Б. Седов - Знахарь. Путевка в «Кресты»
Целыми днями я выслушивал эти истории. В ушах от них уже образовались мозоли, но кроме этого никаких других способов времяпрепровождения здесь просто не было. Разве что пересчитывать трещины на потолке. Несколько газет и журналов, которые нашлись в нашей и в соседних палатах, я давно прочитал, так же как и парочку дешевых засаленных книжек с низкопробными детективами. В карты я не играл. Впрочем, как и другие — здесь любое движение было под строгим контролем цириков и медсестер. Так что оставалось лишь выслушивать всю бодягу, которую гнали круглые сутки зеки.
Шли десятые сутки моего пребывания в больничке, и мне уже, явно поспешив, сняли швы. И, похоже, уже собирались выписывать, но когда точно, я не ведал — не знал. Врач молчал. И даже Оля, которую я попросил произвести разведку, вернулась ни с чем.
— Ты же сам знаешь, Костя, — виновато сказала она, присев на краешек моей кровати, — что здесь за порядки. Похуже, чем в дурке. Может, тебя продержат еще до следующей моей смены?
— Нет. Это точно.
— Я попробую подмениться, — вздохнула она. — Послезавтра выйду. Вдруг еще застану тебя.

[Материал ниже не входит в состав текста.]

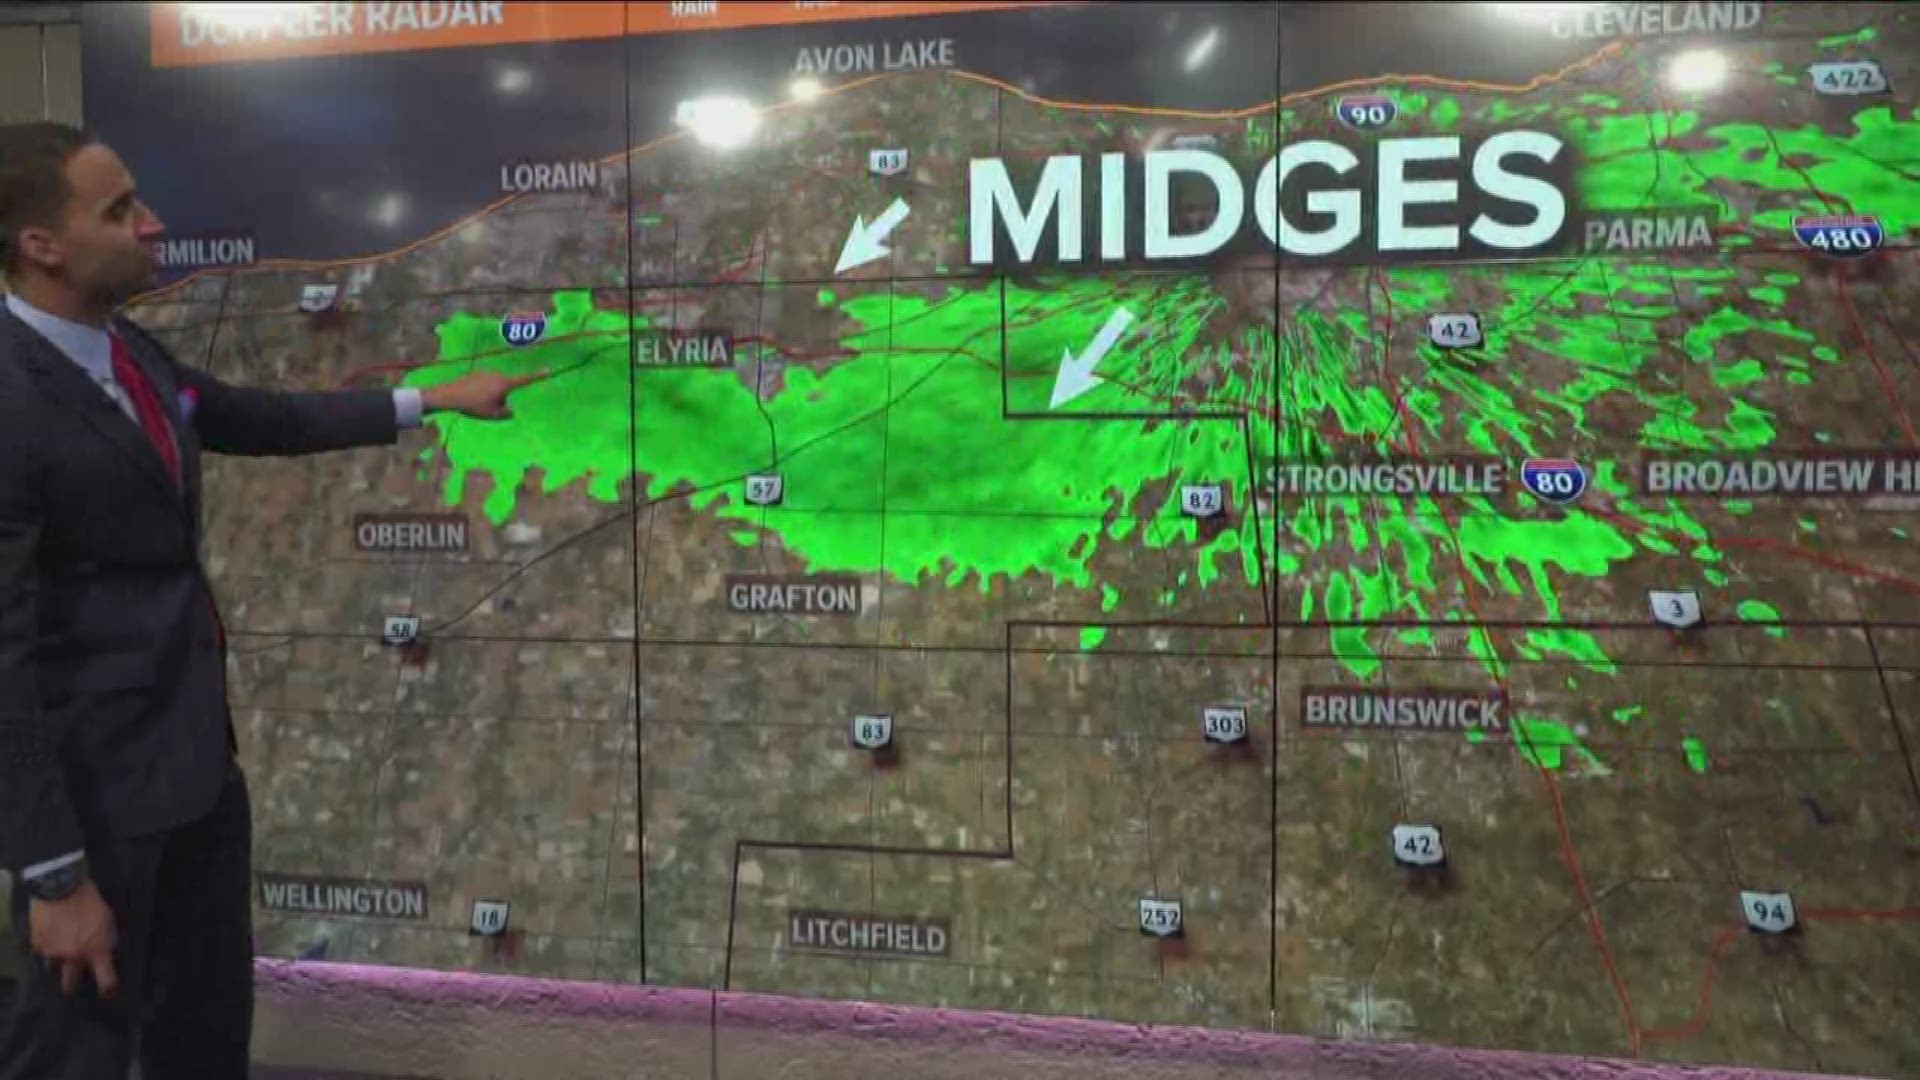 Intense swarm of midges seen on Cleveland radar

— Зачем? — задал я дурацкий вопрос.
Она молча пожала узким плечиком, улыбнусь и томно закатила глаза.
— У тебя могут быть неприятности, — заметил я.
— Да ты что?! — притворно ужаснулась вполголоса Оля. — Мне завотделением говорил то же самое. Я ответила, что пусть хоть увольняют, и он отвязался. Сначала найдите кого-нибудь на мое место, а потом качайте права, — ехидно хмыкнула она. — Ой, я пошла, Костик. У меня там две капельницы. Будет время, сразу зайду.
И она убежала, а я остался слушать очередную ботву про вора, который, чтобы выйти на три дня на свободу, за огромные деньги поменялся с похожим на него вертухаем одеждой и ушел погулять. И вернулся в срок, как обещал, но вертухая, сидевшего все это время за вора в камере, братва уже опустила.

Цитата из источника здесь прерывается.